# Can I mount din rail in a nema 3r weatherproof enclosure?



## Peewee0413 (Oct 18, 2012)

Family guy said:


> First question is can I do this with no backplate, And second is what is the best method. Drill and tap? Self tap? Or bolt and nut?
> 
> 
> Sent from my iPhone using Tapatalk


Why opt to not use a backplate?

Sent from my SM-G965U using Tapatalk


----------



## Family guy (May 15, 2016)

I don’t have one at this point.


Sent from my iPhone using Tapatalk


----------



## oliquir (Jan 13, 2011)

yes but it may lose its 3r rating unless you can spotweld the din rail


----------



## Family guy (May 15, 2016)

That is the question. If it loses the 3R rating if I drill through the back of the box. Going to have to do some checking.

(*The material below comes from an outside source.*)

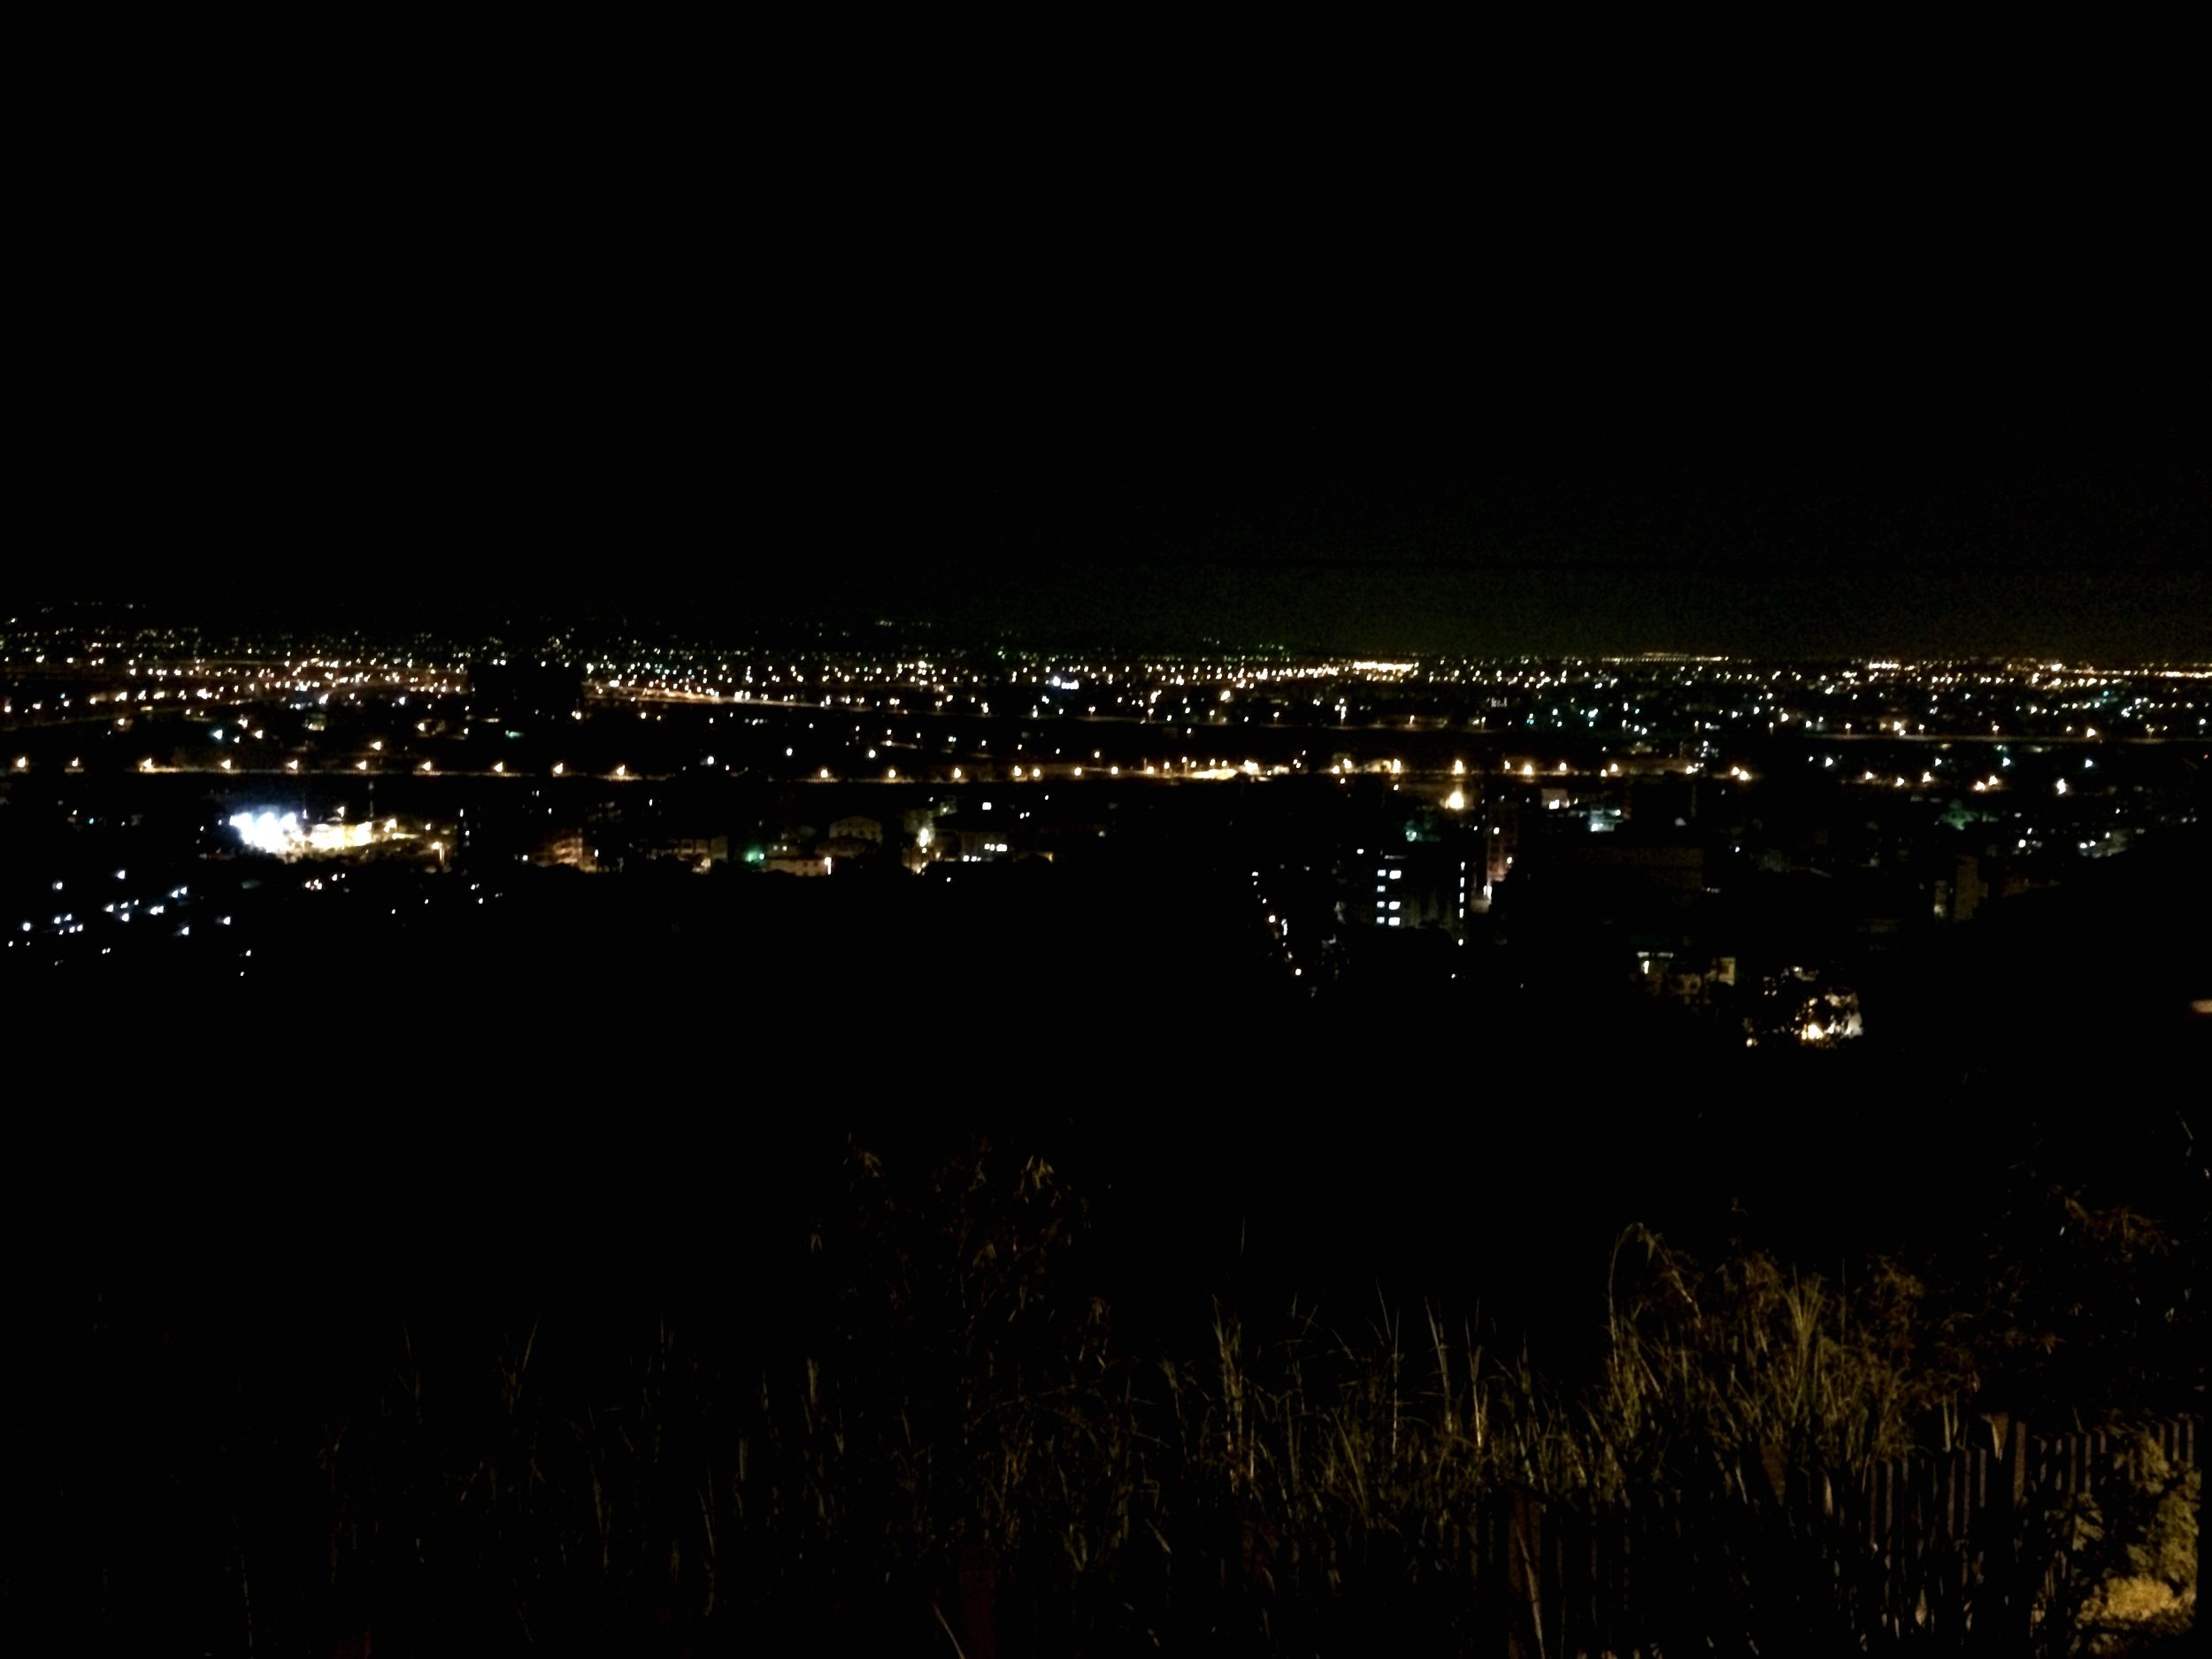 香草味 Night Lights City Lights Night View Night My View Cold Days Enjoying The View Enjoying Life

Sent from my iPhone using Tapatalk


----------



## joebanana (Dec 21, 2010)

Family guy said:


> That is the question. If it loses the 3R rating if I drill through the back of the box. Going to have to do some checking.
> 
> 
> Sent from my iPhone using Tapatalk


If you use neoprene washers on the outside you should be good.


----------



## Family guy (May 15, 2016)

Do you know where I could get some neoprene washers?


Sent from my iPhone using Tapatalk


----------



## Peewee0413 (Oct 18, 2012)

Family guy said:


> Do you know where I could get some neoprene washers?
> 
> 
> Sent from my iPhone using Tapatalk


Hardware store.. plumbing section, sometimes in bolt bin area. Neoprene is used for sinks, washers, toilets etc.

Sent from my SM-G965U using Tapatalk


----------



## Family guy (May 15, 2016)

Thanks 


Sent from my iPhone using Tapatalk


----------



## joe-nwt (Mar 28, 2019)

joebanana said:


> If you use neoprene washers on the outside you should be good.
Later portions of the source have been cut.